Deux précisions utiles. La pension d'invalidité est soumise à l'impôt sur le revenu, mais la majoration pour tierce personne ne l'est pas. Et la pension cesse à l'âge légal de départ à la retraite : elle bascule alors automatiquement en pension de retraite pour inaptitude au travail, sauf si l'assuré poursuit son activité professionnelle.
Ce qui reste à financer
Une pension de 50 % du salaire annuel moyen, plafonnée, laisse un écart avec le niveau de vie antérieur. Cet écart se creuse au moment précis où les charges augmentent : adaptation du logement, aide humaine, matériel.
Le décès pose un problème différent. Aucun revenu de remplacement durable n'existe pour les proches d'un actif décédé en dehors de dispositifs limités. Ce sont ces deux vides que les contrats de prévoyance visent, chacun avec son propre périmètre.

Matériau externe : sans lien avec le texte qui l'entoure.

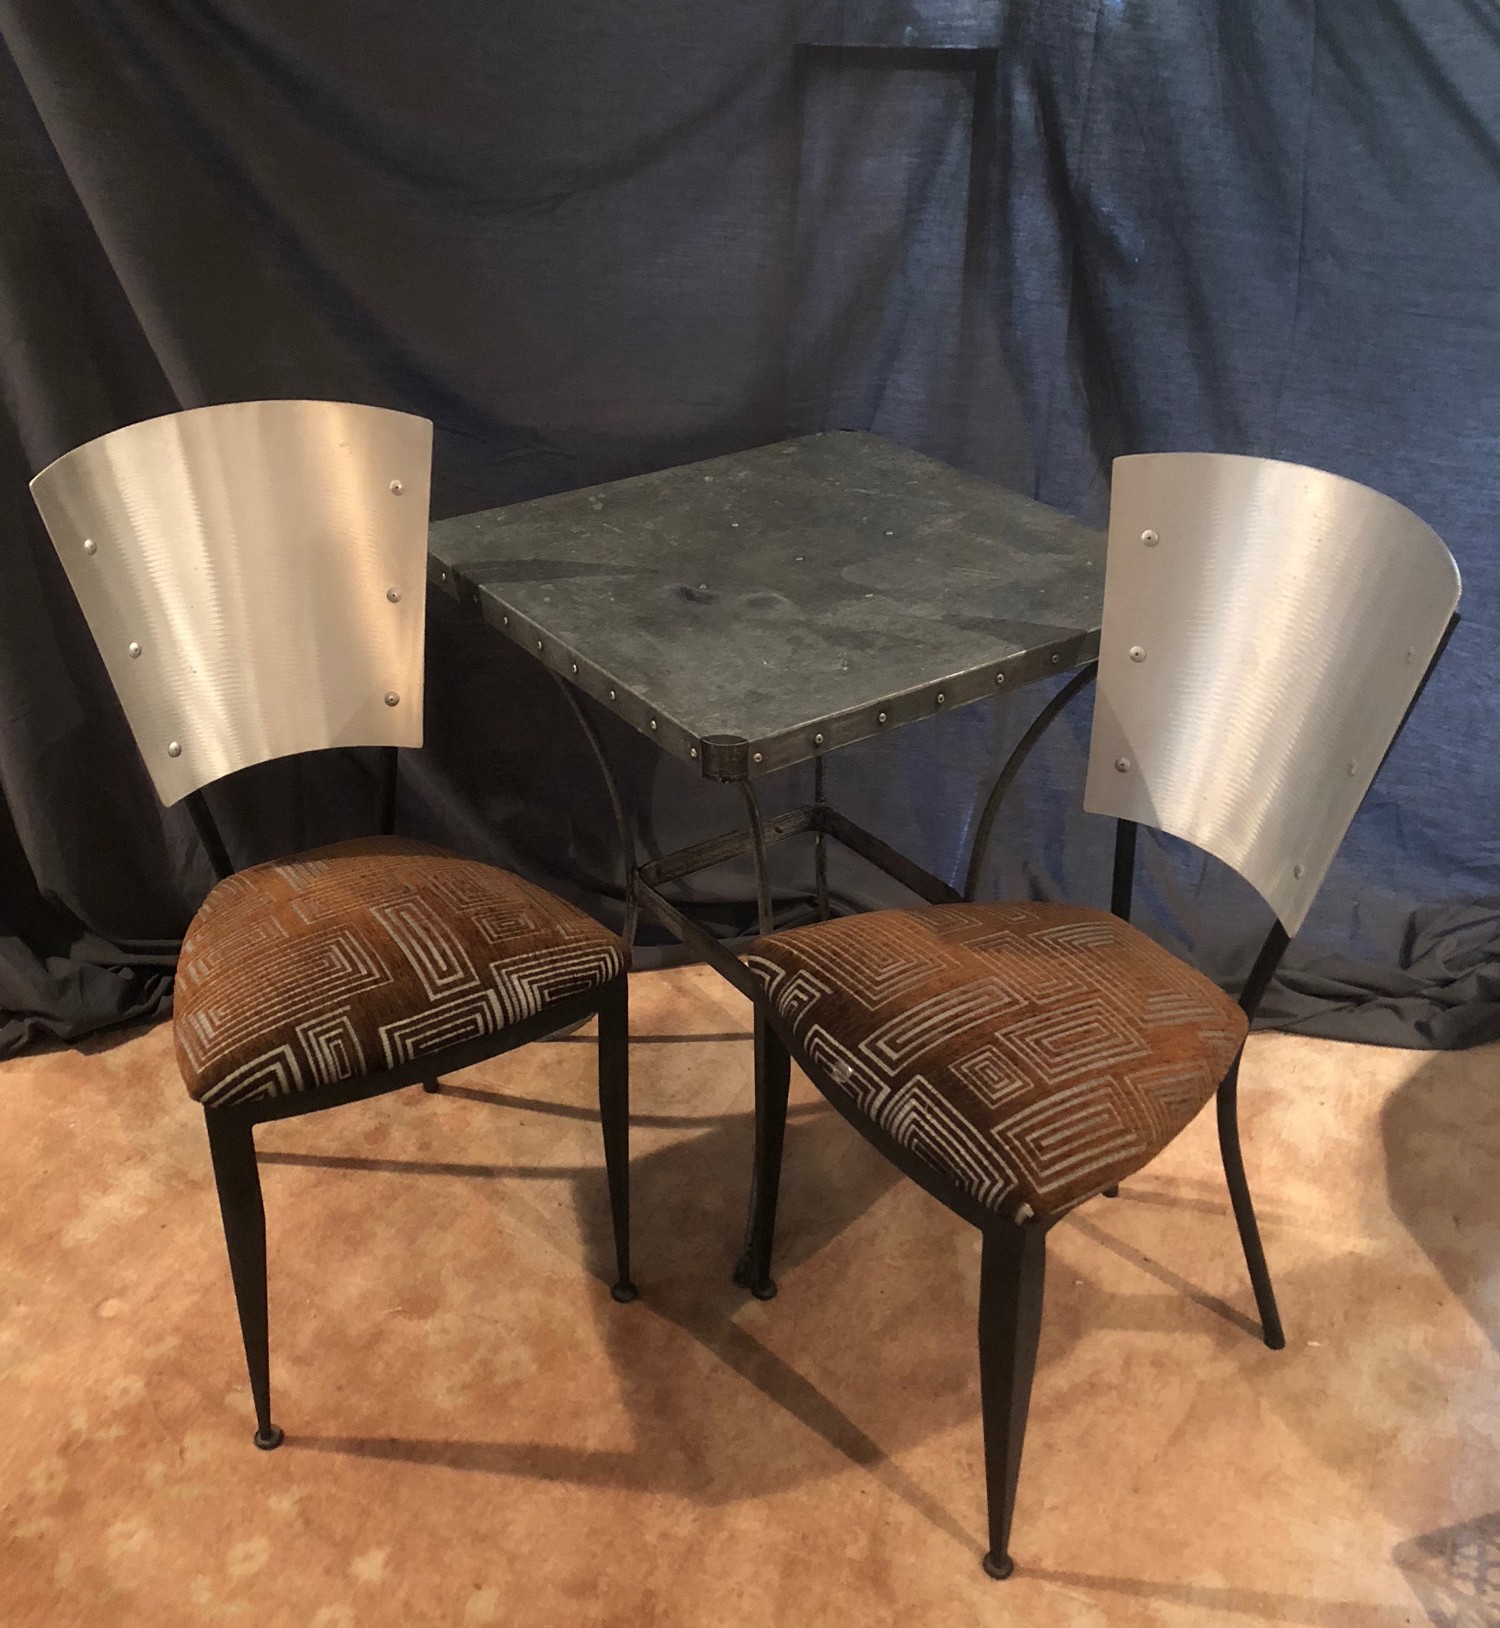 Modern upholstered Metal Bistro Chairs w/Metal Table

Le capital décès et perte d'autonomie de notre comparateur
Les garanties capital accessibles via notre comparateur reposent sur un mécanisme forfaitaire : une somme fixée d'avance, choisie à la souscription, versée en une seule fois.
Le fait générateur : l'accident
C'est le point à comprendre avant tout le reste, parce qu'il détermine tout le champ de la garantie. Sur ces contrats, le capital est dû en cas de décès accidentel ou de perte totale et irréversible d'autonomie consécutive à un accident.
Le décès consécutif à une maladie n'est pas assuré, et la perte d'autonomie consécutive à une maladie ne l'est pas non plus. Une formule qui couvre le décès quelle qu'en soit la cause répond à un besoin plus large : ce n'est pas ce que ces garanties proposent, et il vaut mieux le savoir avant de comparer un tarif.
Une condition de délai s'ajoute : le décès ou la perte d'autonomie doit survenir dans les 12 mois suivant l'accident garanti.
La perte totale et irréversible d'autonomie, et son versement anticipé
Cette perte d'autonomie, appelée PTIA, se définit précisément. Elle correspond au classement en 3ᵉ catégorie d'invalidité par la Sécurité sociale, celle décrite plus haut, ou au bénéfice d'une majoration de prestations d'invalidité ou d'incapacité permanente pour assistance permanente d'une tierce personne.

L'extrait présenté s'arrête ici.